Dataset records below:

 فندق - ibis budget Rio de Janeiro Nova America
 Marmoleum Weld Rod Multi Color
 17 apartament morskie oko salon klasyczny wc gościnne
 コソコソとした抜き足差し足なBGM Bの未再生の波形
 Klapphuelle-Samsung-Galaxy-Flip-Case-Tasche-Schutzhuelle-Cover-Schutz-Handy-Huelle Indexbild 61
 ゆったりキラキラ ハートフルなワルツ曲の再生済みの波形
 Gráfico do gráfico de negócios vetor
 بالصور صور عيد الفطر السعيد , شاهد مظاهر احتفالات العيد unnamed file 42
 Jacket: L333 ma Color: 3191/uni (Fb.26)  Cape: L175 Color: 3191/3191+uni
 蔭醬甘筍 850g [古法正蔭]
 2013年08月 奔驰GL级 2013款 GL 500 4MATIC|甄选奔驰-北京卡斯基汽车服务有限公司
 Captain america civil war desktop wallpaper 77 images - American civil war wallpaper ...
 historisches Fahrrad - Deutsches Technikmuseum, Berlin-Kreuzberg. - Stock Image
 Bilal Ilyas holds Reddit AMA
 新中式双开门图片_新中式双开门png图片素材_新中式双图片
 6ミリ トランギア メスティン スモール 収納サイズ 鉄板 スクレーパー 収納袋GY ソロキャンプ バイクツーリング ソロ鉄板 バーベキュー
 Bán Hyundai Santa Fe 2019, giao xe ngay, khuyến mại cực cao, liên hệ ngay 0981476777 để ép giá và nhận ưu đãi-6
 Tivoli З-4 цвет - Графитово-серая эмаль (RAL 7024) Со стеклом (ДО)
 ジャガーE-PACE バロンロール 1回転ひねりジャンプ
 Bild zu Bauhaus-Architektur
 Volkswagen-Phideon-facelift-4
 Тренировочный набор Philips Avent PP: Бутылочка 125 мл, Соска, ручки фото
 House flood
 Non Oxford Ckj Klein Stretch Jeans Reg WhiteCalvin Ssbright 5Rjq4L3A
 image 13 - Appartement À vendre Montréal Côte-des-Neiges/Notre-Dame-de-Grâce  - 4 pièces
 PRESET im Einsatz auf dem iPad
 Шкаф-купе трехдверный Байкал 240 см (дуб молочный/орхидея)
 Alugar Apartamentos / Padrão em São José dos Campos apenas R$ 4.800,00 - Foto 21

End of Dataset records.

◆ **Exercise**
Your task is to restate, word for word, only those lines above that fall between the line holding "Jacket: L333 ma" and the line holding "Captain america civil", inclusive.

◆ **Output for this task**
 Jacket: L333 ma Color: 3191/uni (Fb.26)  Cape: L175 Color: 3191/3191+uni
 蔭醬甘筍 850g [古法正蔭]
 2013年08月 奔驰GL级 2013款 GL 500 4MATIC|甄选奔驰-北京卡斯基汽车服务有限公司
 Captain america civil war desktop wallpaper 77 images - American civil war wallpaper ...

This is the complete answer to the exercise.